The Rio Grande volcanic complex consists of a pair of overlapping dacitic-andesitic centres flanked by extensive shallow intrusive plugs, dykes and sills in a volcaniclastic suite, including breccias, agglomerates, and lahars.
Two styles of mineralization are observed on the project: an early stage IOCG-style hydrothermal system in an oval-shaped ring zone roughly 2.2 by 1.9 km; and typical copper-gold porphyry alteration assemblages found in an intense calcium-sodium-iron metasomatic overprint and rimmed by strong potassic alteration.
Vein-controlled potassium feldspar alteration is also present with quartz-limonite veinlets cutting argillic altered rocks.
Mineralization styles in the IOCG zone includes a pervasive blue-green “stain,” and fracture-filling copper oxides (mainly chrysocolla, malachite and possibly azurite) with associated gold in potassic-altered rocks. The assemblage is thought to be a result of oxidation of fine-grained chalcopyrite.
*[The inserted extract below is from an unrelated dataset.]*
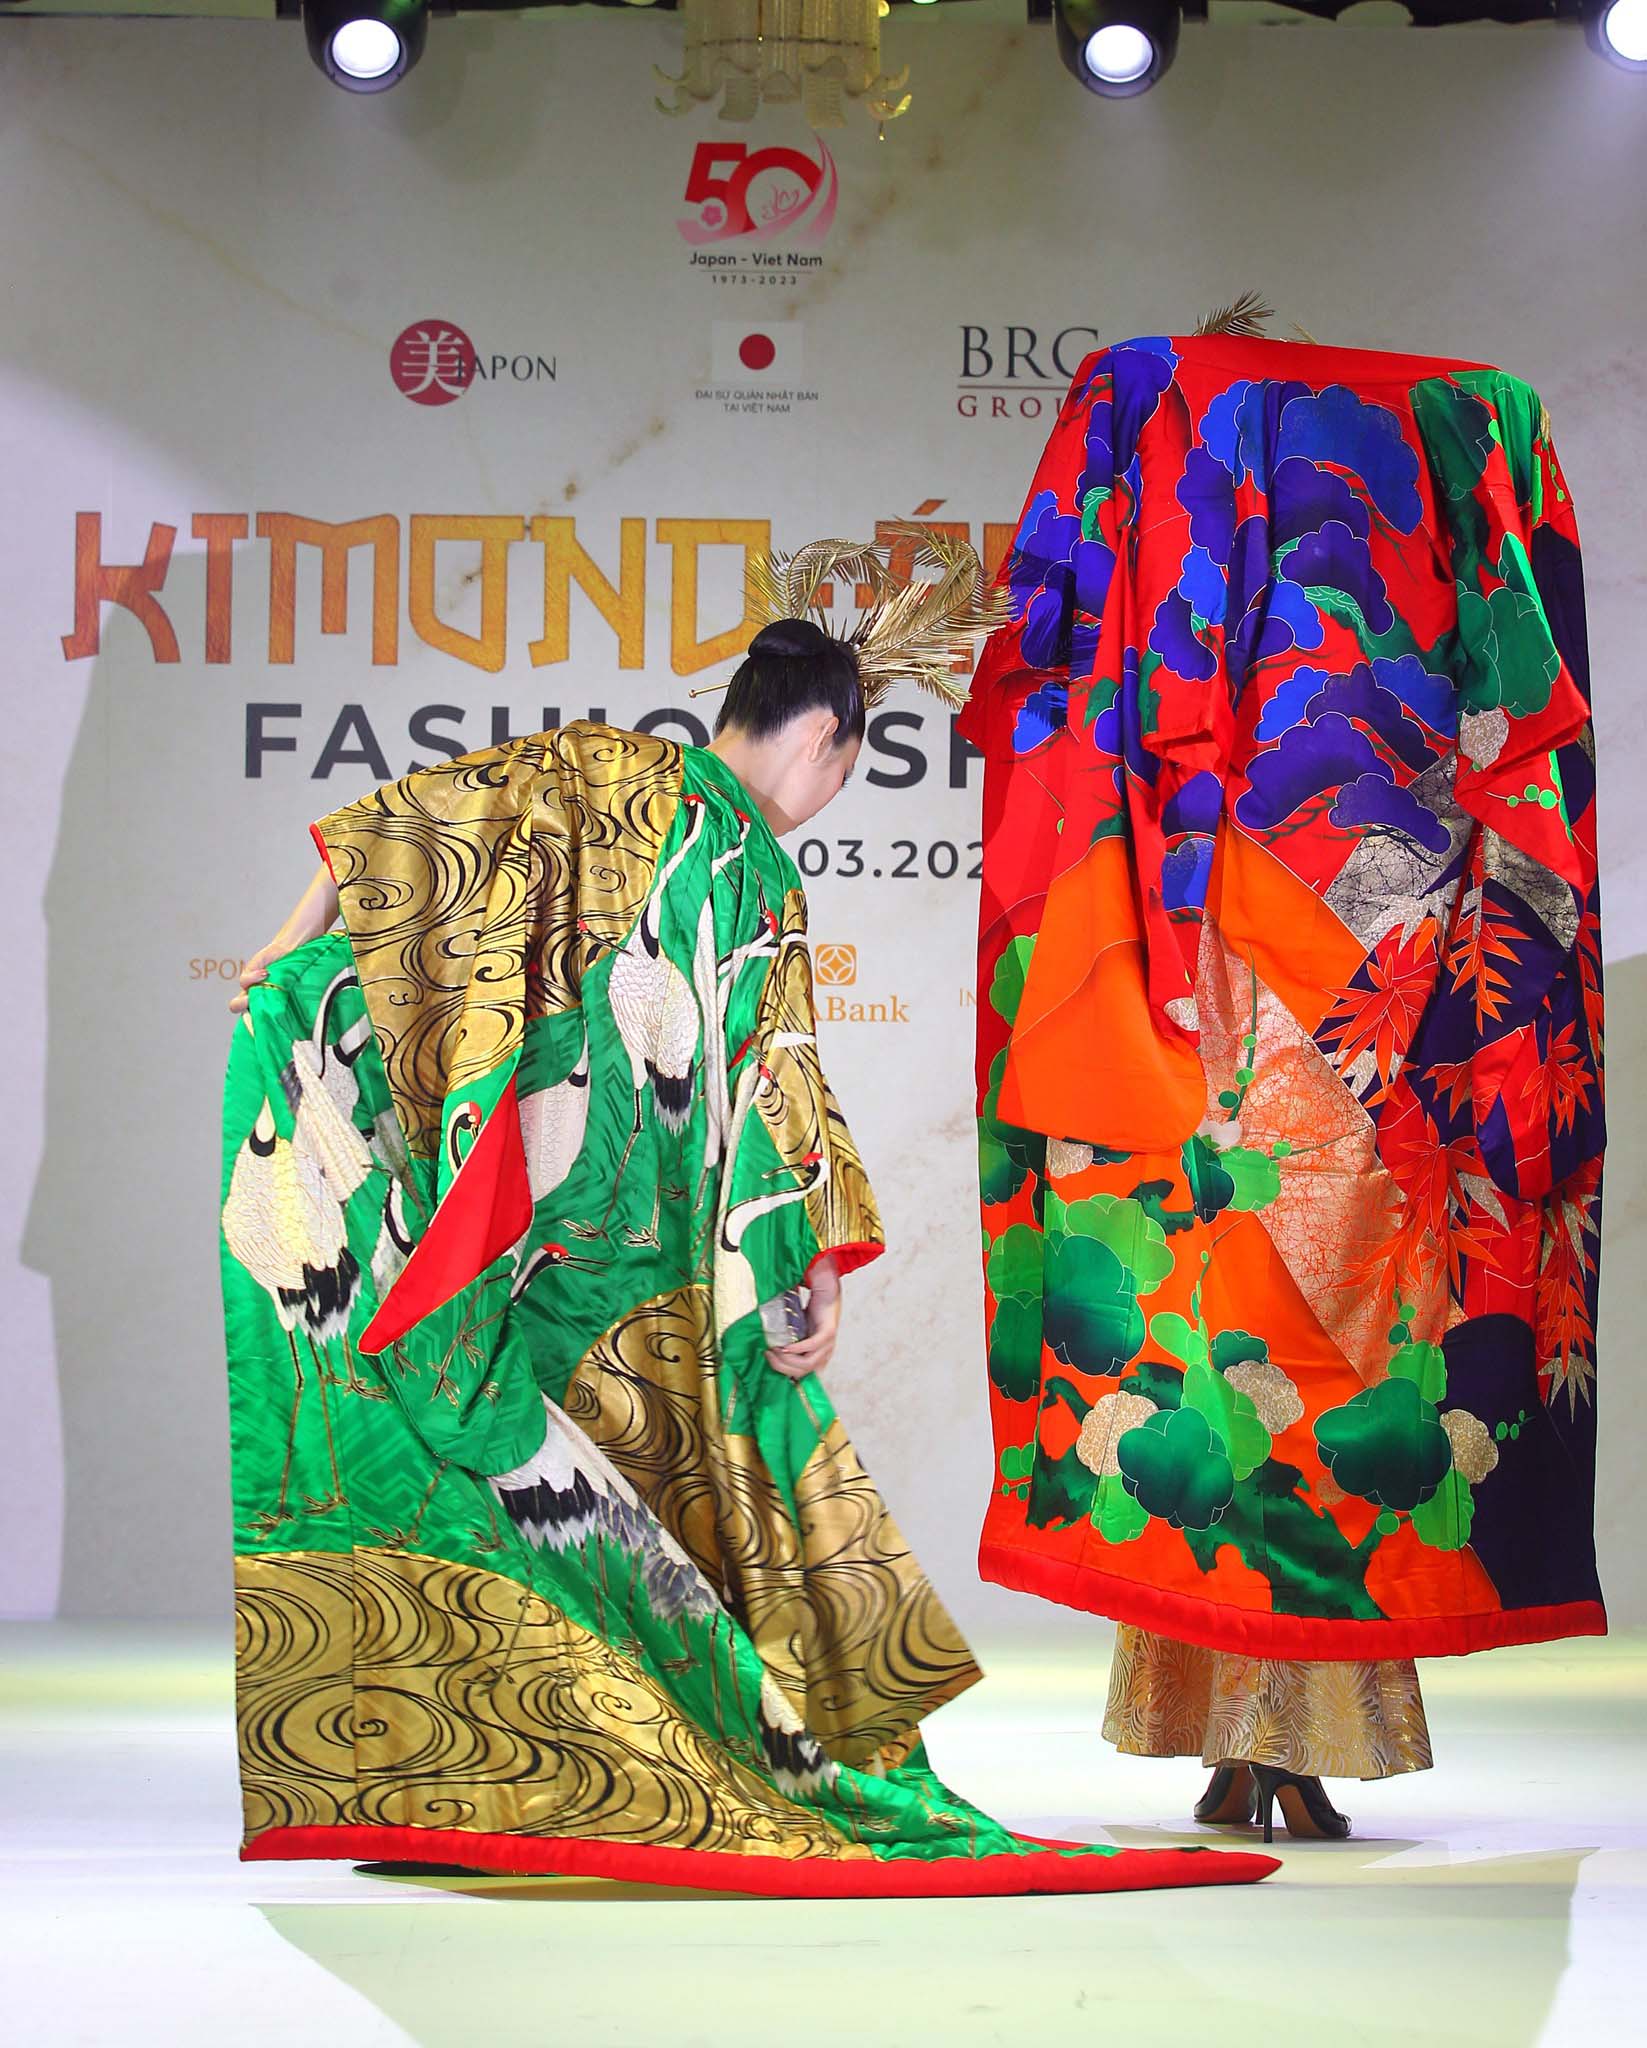 Giới mộ điệu thời trang không ngớt lời cảm thán khi được chiêm ngưỡng những bộ sưu tập kimono truyền thống và cách tân tuyệt đẹp cùng những bộ áo dài được may từ các chất liệu của kimono xưa của nhà thiết kế thời trang tài ba Kobayashi Eiko, cũng là nhà sáng lập tổ chức phi lợi nhuận Be - Japon.
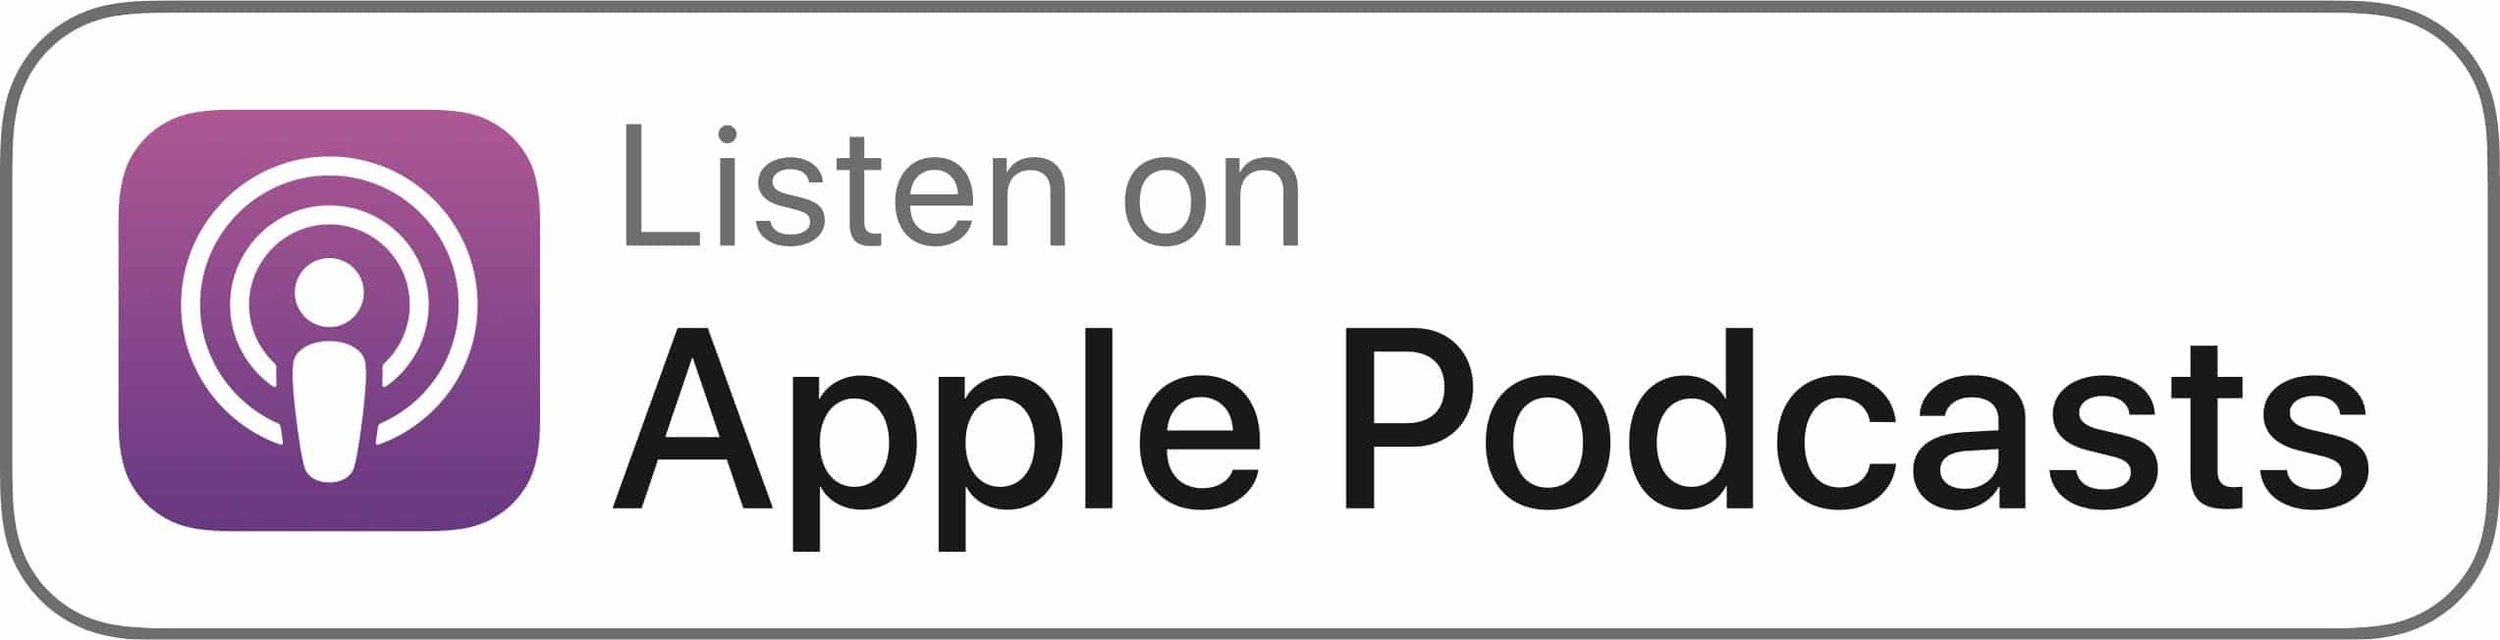 Apple Podcasts (Copy) (Copy) (Copy) (Copy) (Copy) (Copy) (Copy) (Copy) (Copy)

Coarser clots, disseminations and stringers of chalcopyrite (with gold) and an oxidized “copper limonite,” usually associated with scapolite-diopside-magnetite alteration, are also evident. Some blue-green copper oxide (possibly chrysocolla) rims the chalcopyrite.
Other mineralization in the IOCG zone includes finely disseminated chalcopyrite (with gold) and copper oxides present in potassic altered volcanics and volcaniclastic rocks; chalcopyrite blebs with some copper oxides on fractures in late-stage, weakly altered dykes; and copper oxides or rare chalcopyrite (with gold) associated with late, cross-cutting magnetite-hematite veins.
Most of the copper-gold mineralization occurs in potassic altered zones and is controlled by north-northwest, east-northeast and west-northwest-trending structures that likely reflect ring structures of the volcanic centre.
Porphyry-style copper-gold mineralization primarily occurs as chalcopyrite in stockworks and sheeted quartz-magnetite-sulphide veinlets in zones of strong clay-iron-oxide and potassic alteration.
During a recent visit by The Northern Miner, the size of the mineralizing system was apparent, as was abundant copper oxide mineralization, near surface and in extensive trenching.
Exploration indicates the Sofia zone (forming the southeastern portion of a ring structure) is contiguous with the Discovery zone located to its north, forming a 1.5-km-long zone averaging 130 metres wide.
Based on 10 drill holes and about 20 trenches, the combined zones have returned an average grade of 0.33% copper and 0.35 gram gold and remain open along strike and at depth.
“At the beginning of this year, we finished a 5,500-metre trenching program,” Robeto explains. “It has doubled the prospective ground; and we’ve increased (the mineralized zone) by more than one kilometre on strike to be explored.”
The other target that has Mansfield and Antares excited is the deeper central porphyry intrusive. The duo is optimistic the system has potential to host a large copper-gold system similar to the Bajo de Alumbrera mine, located in neighbouring Catamarca province.
Drilling to date has only really tested about 30% of the ring structure and none of the central porphyry. Antares’ current drill effort will infill previous drilling on the eastern portion of the ring structure and will fence back into the central zone to test for the porphyry intrusive.
With its deep weathering horizon (more than 200 metres in sections), Rio Grande offers potential for a significant copper oxide system amenable to solvent extraction-electrowinning recovery.
Another target that has undergone some surface trenching is the Northeastern zone, a separate diorite-hosted gold porphyry similar to the Lindero deposit.Mansfield recently completed a $5.25-million financing in Antares to hold about 9.8% of its JV partner.
Rio Grande enjoys similar potential access to infrastructure as the Lindero project. The several-hour drive westward from Salta is along a paved highway that parallels high-voltage power lines and a natural gas pipeline that supply the major copper mines of northern Chile.